IN THE COURT OF CRIMINAL APPEALS OF TENNESSEE
AT KNOXVILLE
Assigned on Briefs August 26, 2008
STATE OF TENNESSEE v. MARCUS NIGEL DAVIS
Direct Appeal from the Criminal Court for Knox County
No. 84932 Kenneth F. Irvine, Jr., Judge
No. E2007-02882-CCA-R3-CD - Filed October 23, 2008
The defendant, Marcus Nigel Davis, appeals from the judgment of the Knox County Criminal Court,
revoking his probation and reinstating his original sentence of six years. Following our review, we
affirm the judgment of the court.
Tenn. R. App. P. 3 Appeal as of Right; Judgment of the Criminal Court Affirmed
J.C. MCLIN , J., delivered the opinion of the court, in which JOHN EVERETT WILLIAMS and ROBERT
W. WEDEMEYER , JJ., joined.
Mark E. Stephens, District Public Defender and Christy Murray, Assistant Public Defender,
Knoxville, Tennessee, for the appellant, Marcus Nigel Davis.
Robert E. Cooper, Jr., Attorney General and Reporter; Jennifer L. Bledsoe, Assistant Attorney
General; Randall E. Nichols, District Attorney General; and Phillip H. Morton, Assistant District
Attorney General, for the appellee, State of Tennessee.
OPINION
In the instant case, the record reflects that the defendant was indicted on three counts of rape.

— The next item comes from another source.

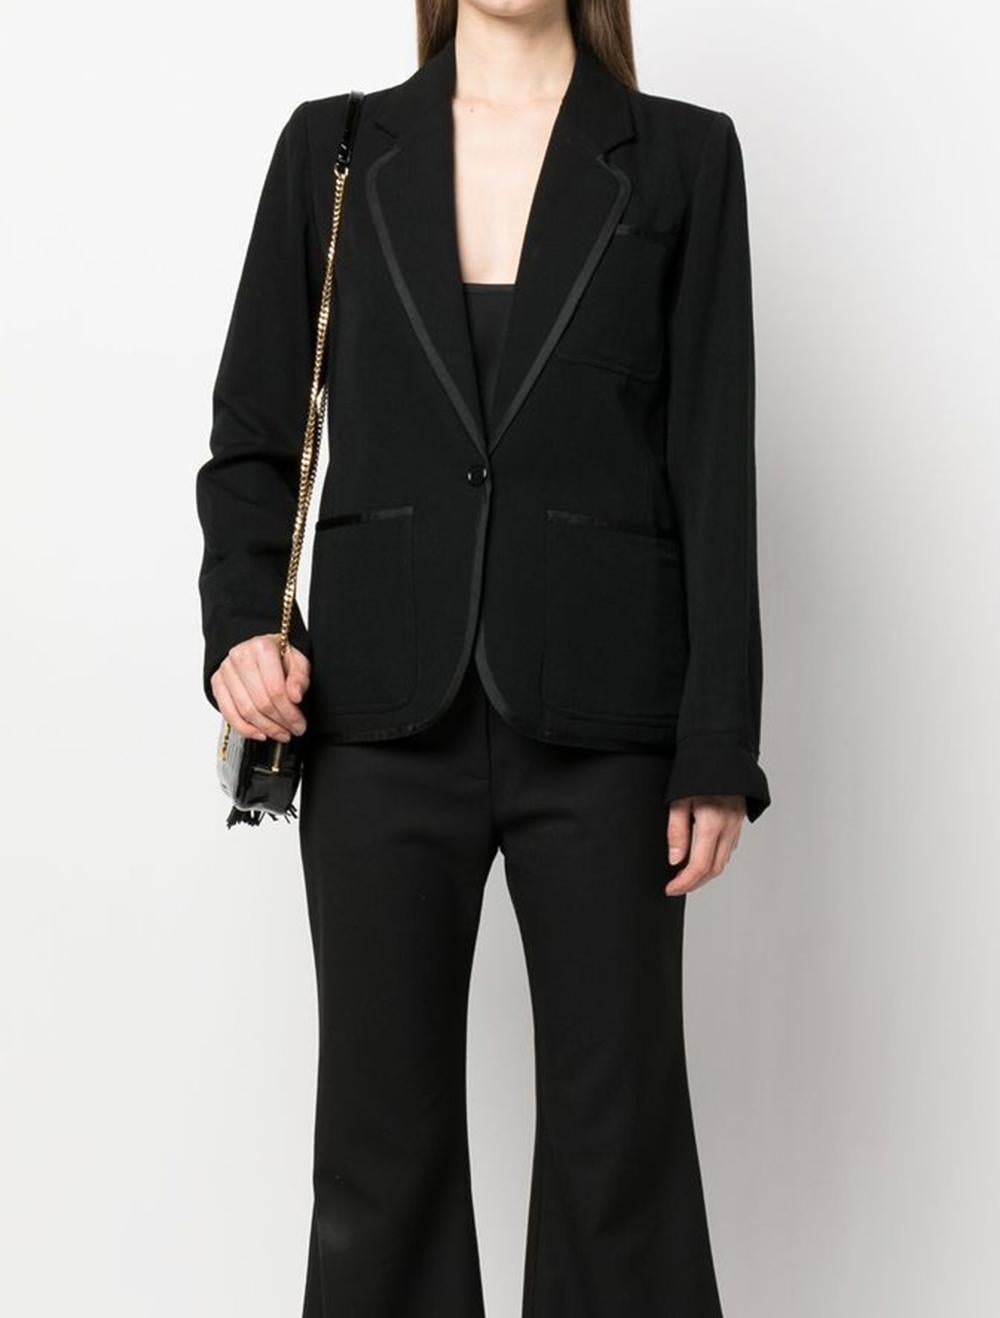 Schwarzer Woll-Smoking-Blazer von YSL Yves Saint Laurent mit folgenden Eigenschaften: kontrastierende Besätze, gekerbtes Revers, Knopfverschluss vorne, aufgesetzte Brusttasche, zwei aufgesetzte Taschen vorne, lange Ärmel, geteilte Manschetten,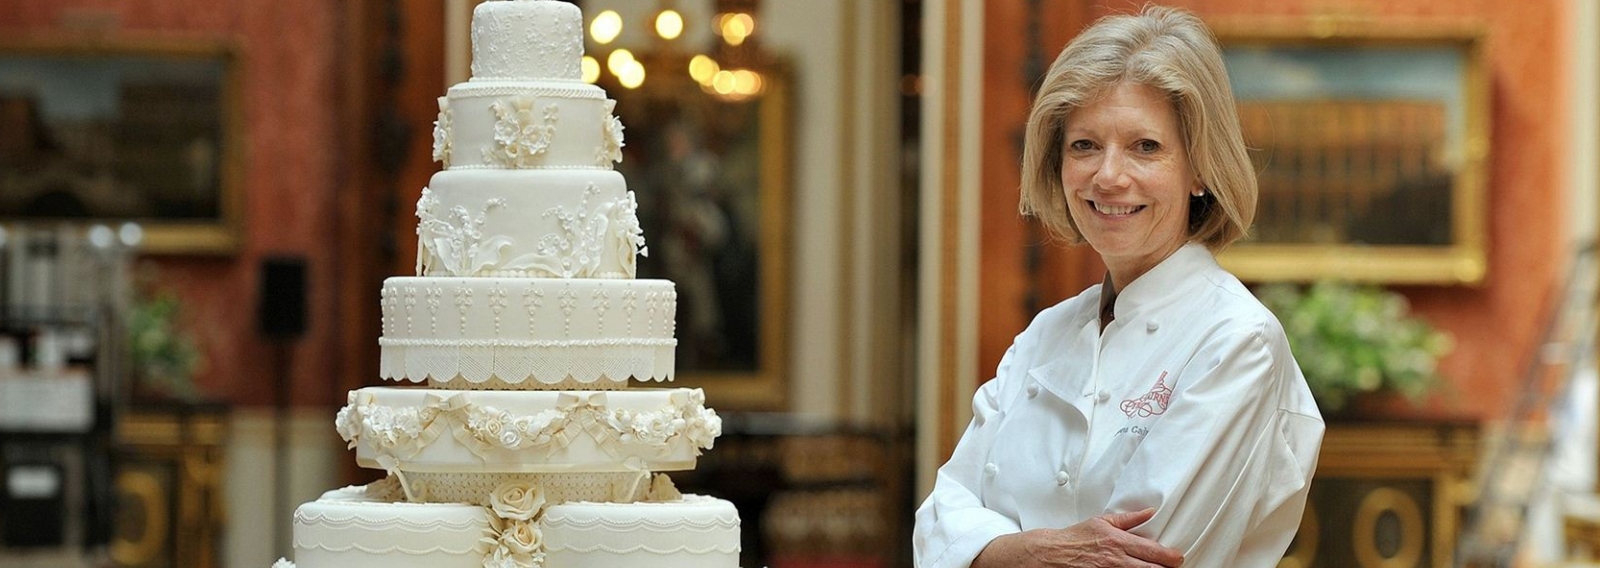 Бесплатный вебинар для свадебных вендоров с кондитером торта для свадьбы Принца Уильяма и  Кейт Миддлтон

However, pursuant to a plea agreement, the defendant was allowed to plead guilty to three counts
of sexual battery, Class E felonies, on August 22, 2007. As a result, he was sentenced to six years
with one year to be served in confinement and the remaining balance to be served on enhanced
probation. Subsequently, on October 22, 2007, a probation violation warrant was issued alleging
that the defendant violated the terms of his probation as follows: the defendant was arrested for
domestic assault; the defendant failed to abide by his curfew; the defendant failed to abide by the
electronic monitoring rules and regulations; and the defendant failed to abide by the Board of
Probation and Parole Sex Offender Directives. Thereafter, a probation revocation hearing was held.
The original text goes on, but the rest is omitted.